GIGOSOS, P. y SARAVIA, M., Arquitectura y urbanismo de Valladolid en el siglo XX. Valladolid: Ateneo de Valladolid, 1997, 464 pp.

Rafael Serrano García
Profesor de Historia Contemporánea. Universidad de Valladolid


 Para quienes hemos conocido y padecido la historia urbanística de Valladolid en la segunda mitad de este siglo, el libro de P. Gigosos y M. Saravia colma un vacío que desde hace tiempo precisaba llenarse para lograr una comprensión adecuada del proceso de crecimiento y diversificación espacial seguido por la vieja ciudad castellana en esta etapa más contemporánea, un proceso que se erige más bien en contra-ejemplo de política urbanística. El caso vallisoletano, aunque no sea excepcional en el contexto de la España franquista, parece destacarse por lo extremoso y contradictorio de las actuaciones seguidas como ya apuntó Chueca Goitia. De ello da da testimonio la circunstancia, señalada por los autores, de que "en los últimos años, cuanto se ha escrito sobre las transformaciones de Valladolid en este siglo gira en torno a las ideas de destrucción y de pérdida".

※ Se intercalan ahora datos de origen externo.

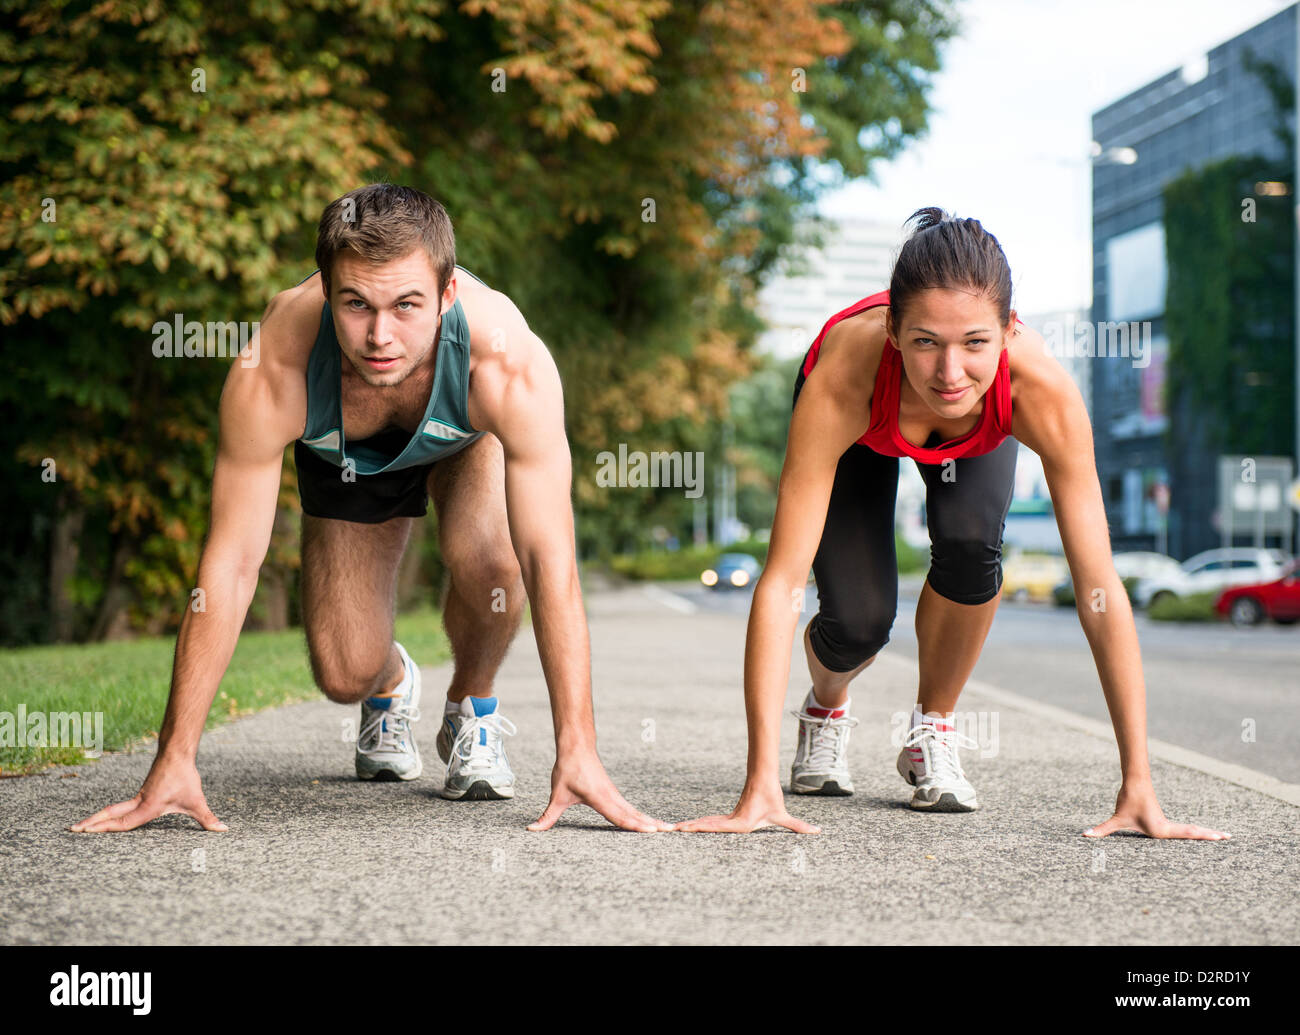 Junge sport paar ab Position vorbereitet zu konkurrieren und laufen Stockfoto

Es justo, por otra parte, que este volumen se inserte en una colección de historia de la ciudad del Pisuerga, ya que lo ocurrido en los planos urbanístico y de vivienda durante la dictadura franquista constituye un elemento muy importante de la memoria que los vallisoletanos tienen de esta etapa de su historia, de su memoria vivida. Y es que en Valladolid, como en otras ciudades españolas, las contradicciones generadas por el anárquico crecimiento urbano que se inicia ya en la década de 1950, orientado por un capitalismo rapaz y que no encontraba ningún obstáculo en la persecución de una rentabilidad inmediata, constituyeron un elemento crucial en el proceso de concienciación política de muchos ciudadanos respecto del régimen franquista.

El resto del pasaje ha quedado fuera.